• **Requirement**
Transcribe every entry word for word, but drop the pictures.

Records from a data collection
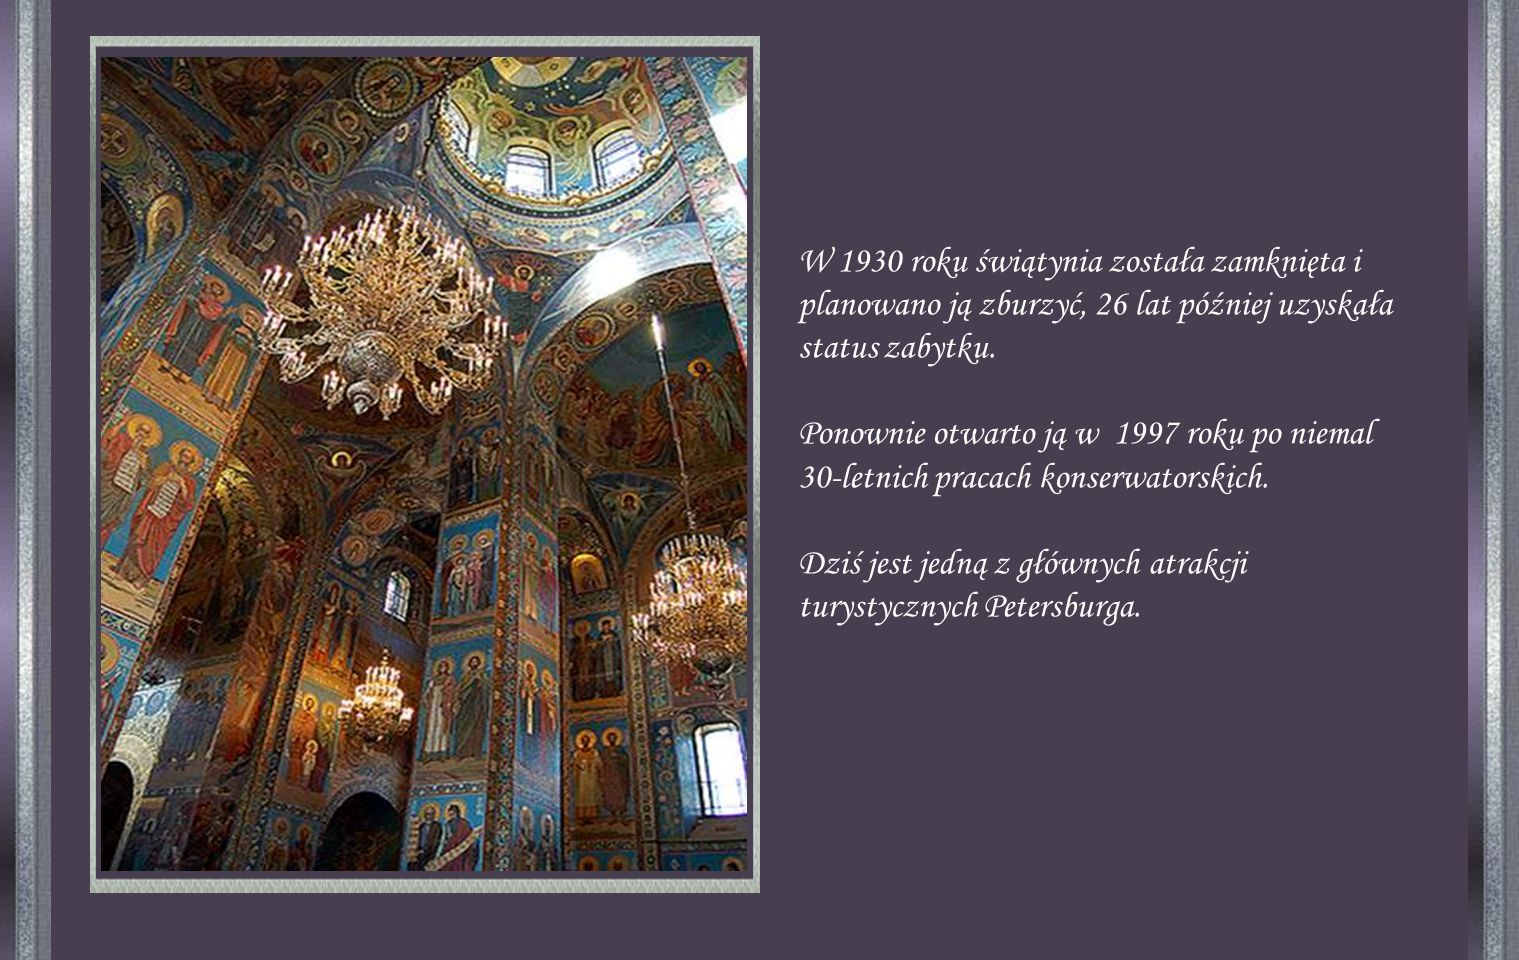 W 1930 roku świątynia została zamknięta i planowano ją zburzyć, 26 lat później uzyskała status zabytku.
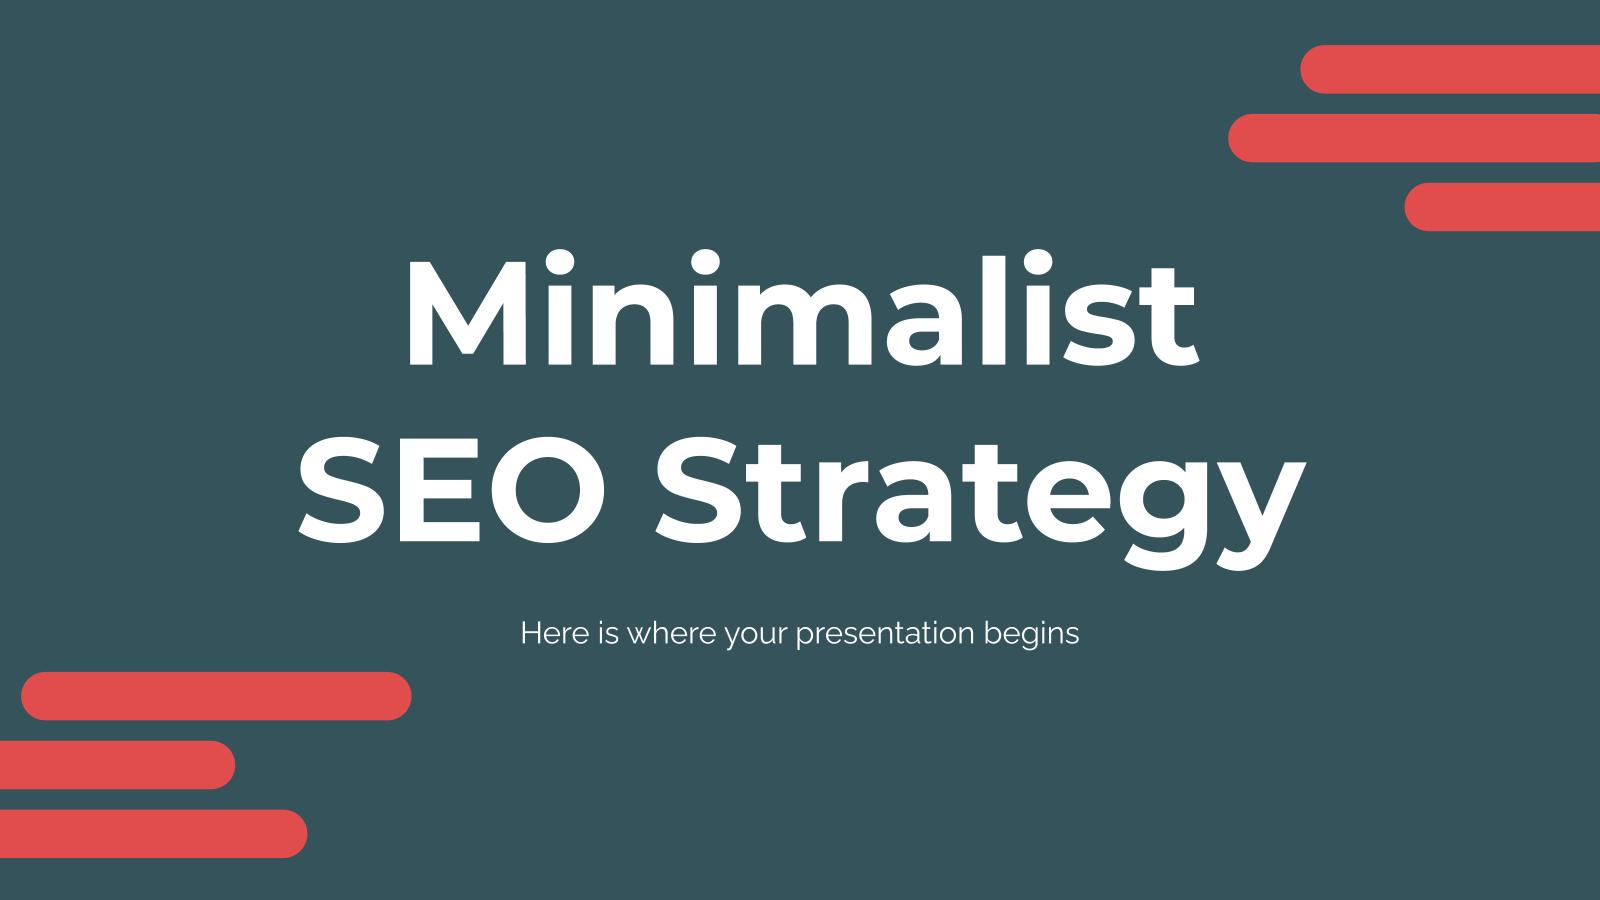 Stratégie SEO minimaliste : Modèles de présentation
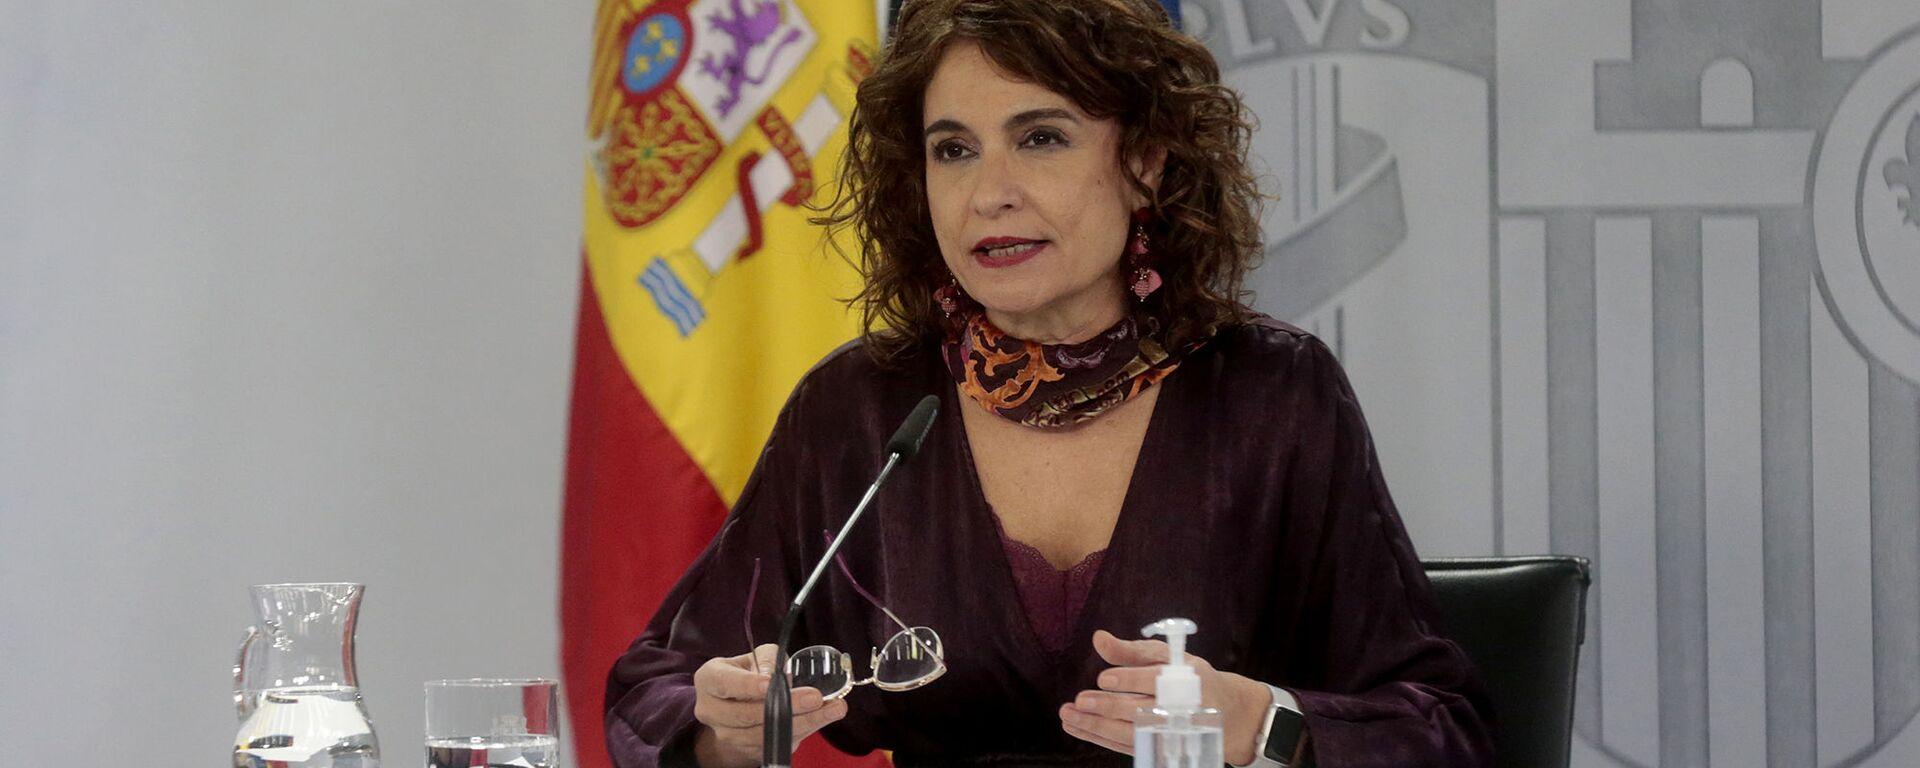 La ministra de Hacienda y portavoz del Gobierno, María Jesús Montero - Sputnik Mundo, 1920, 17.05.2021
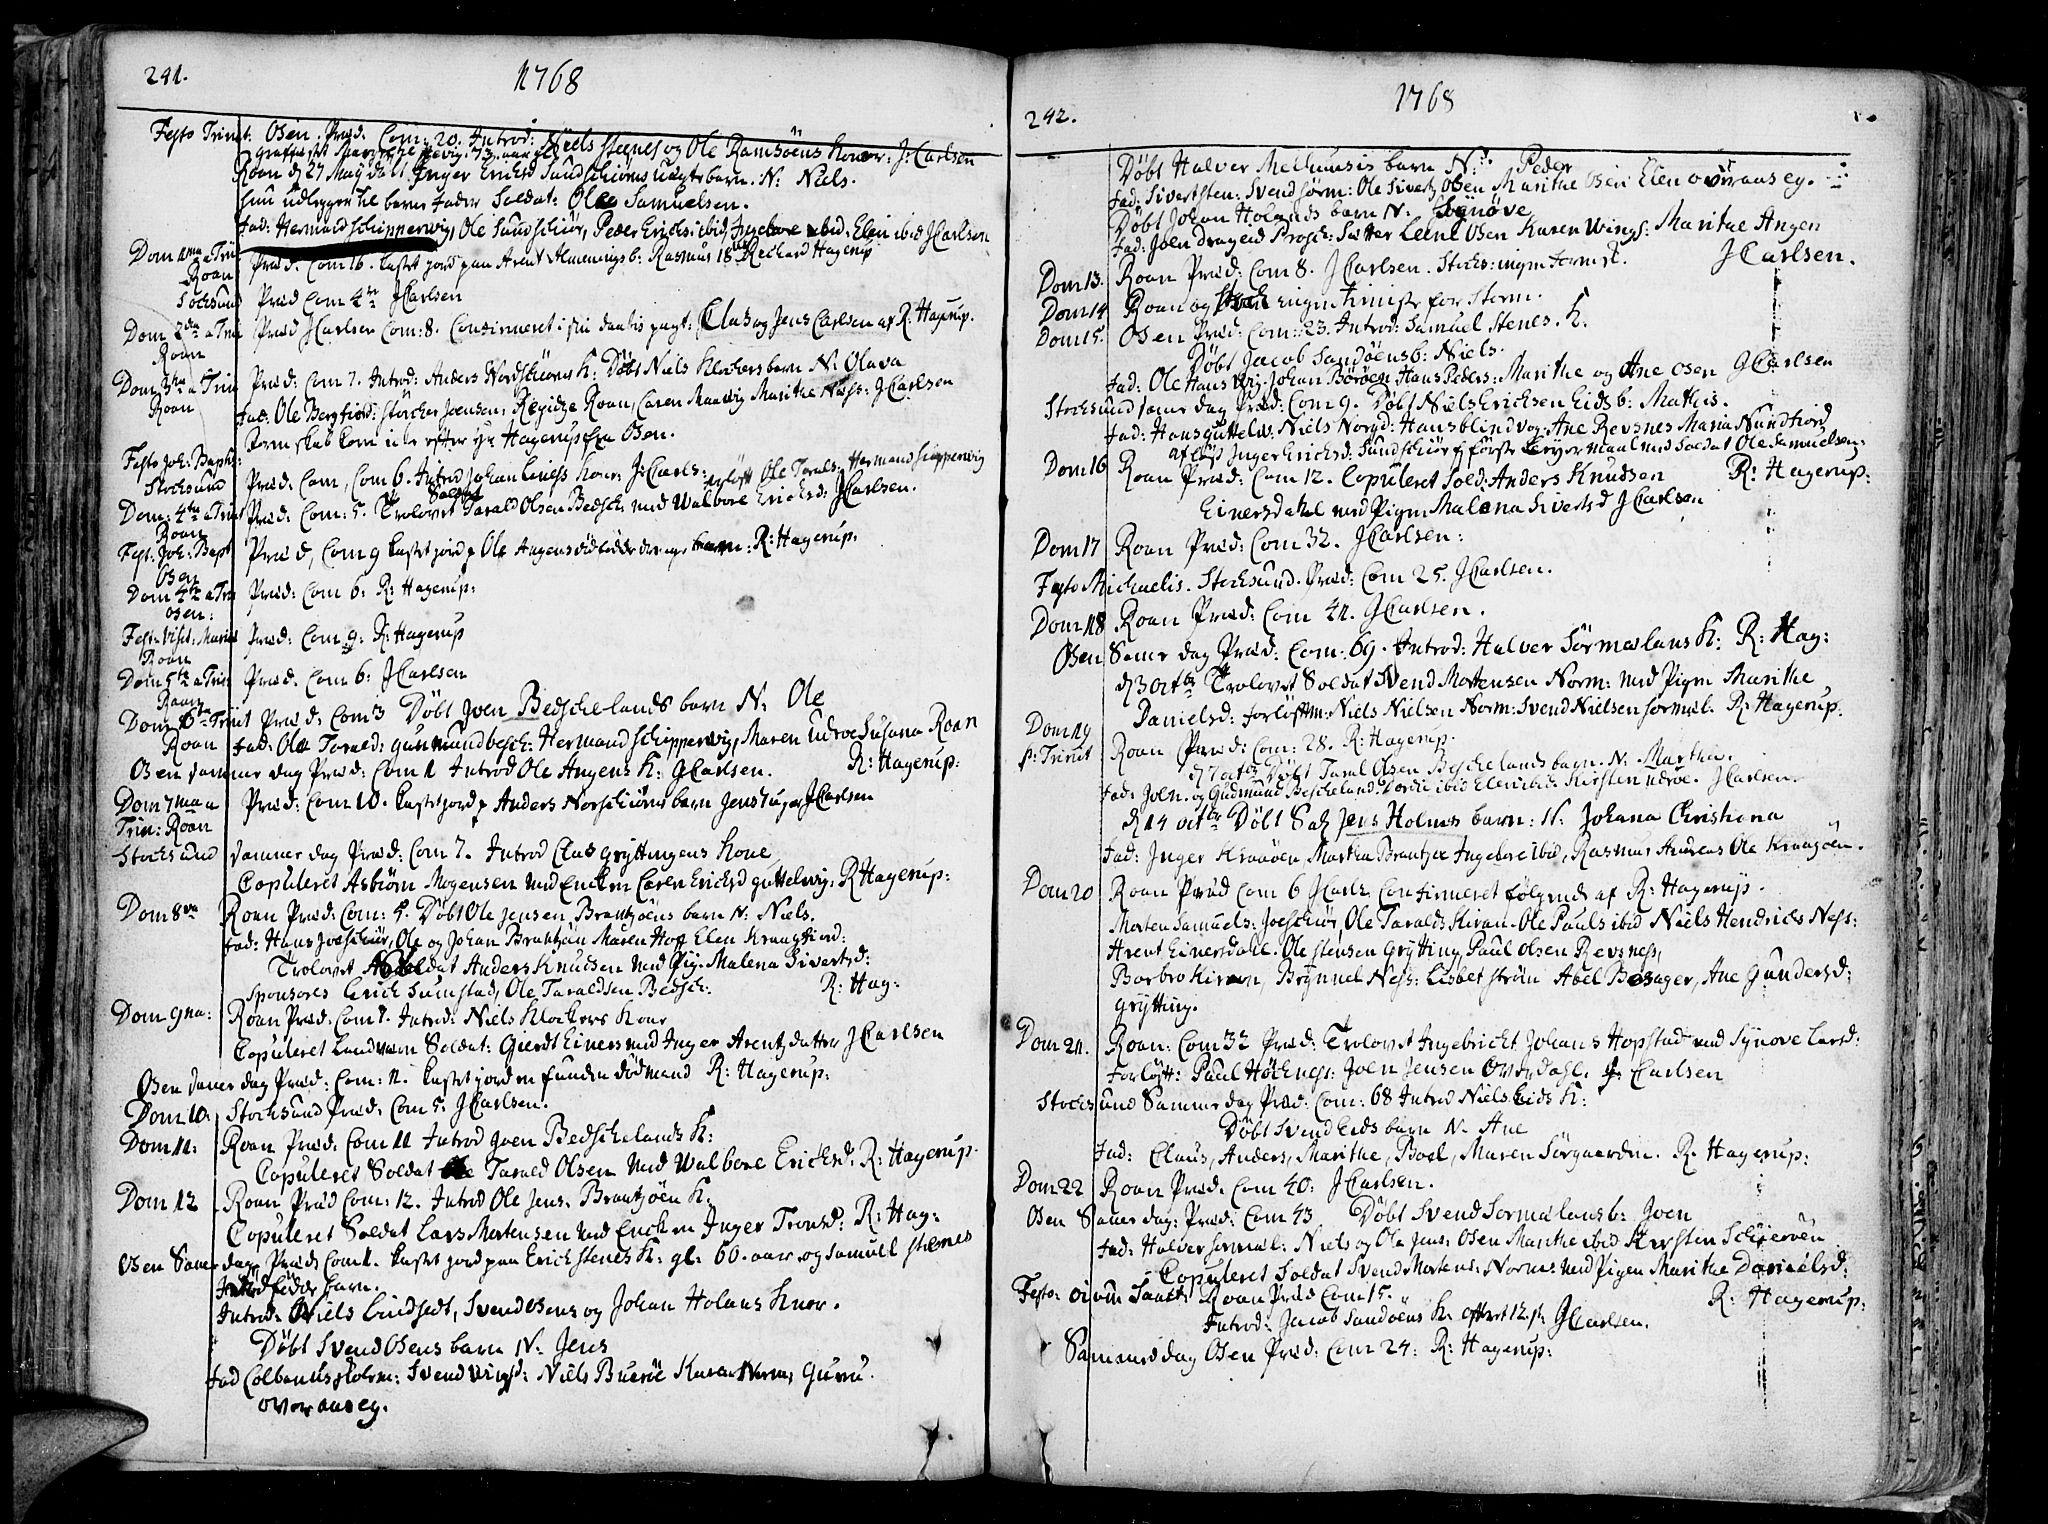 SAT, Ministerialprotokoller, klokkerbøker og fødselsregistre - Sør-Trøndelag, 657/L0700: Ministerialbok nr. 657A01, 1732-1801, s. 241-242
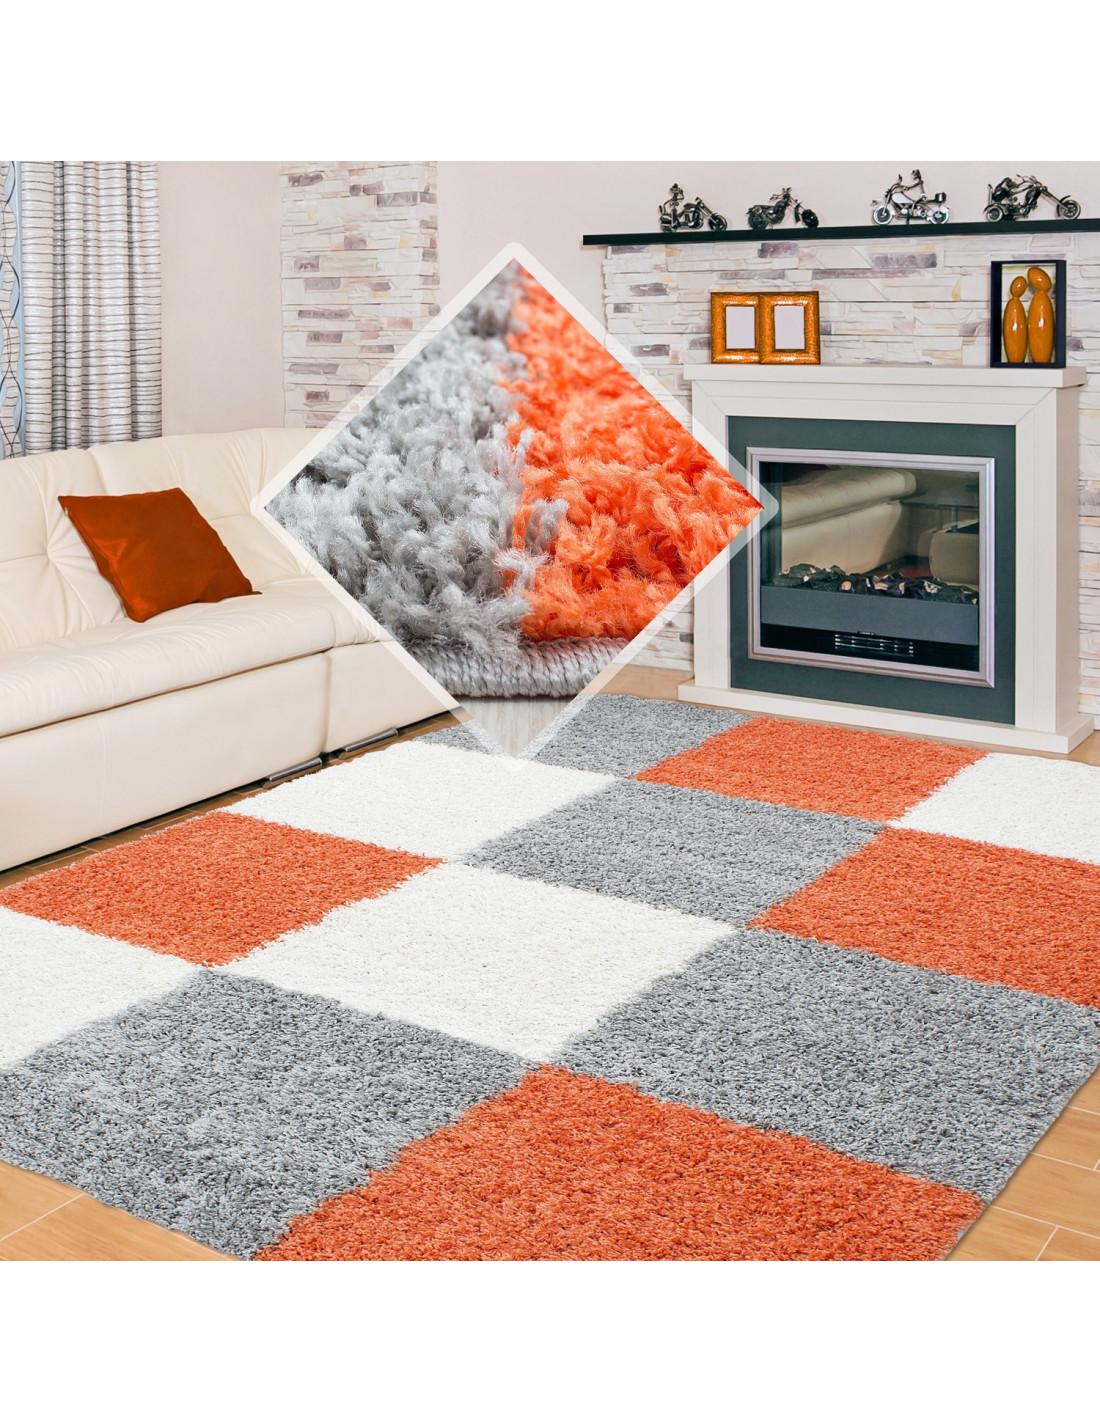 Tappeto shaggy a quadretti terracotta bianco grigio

• **Solution to the exercise**
 W 1930 roku świątynia została zamknięta i planowano ją zburzyć, 26 lat później uzyskała status zabytku.
 Stratégie SEO minimaliste : Modèles de présentation
 La ministra de Hacienda y portavoz del Gobierno, María Jesús Montero - Sputnik Mundo, 1920, 17.05.2021
 SAT, Ministerialprotokoller, klokkerbøker og fødselsregistre - Sør-Trøndelag, 657/L0700: Ministerialbok nr. 657A01, 1732-1801, s. 241-242
 Tappeto shaggy a quadretti terracotta bianco grigio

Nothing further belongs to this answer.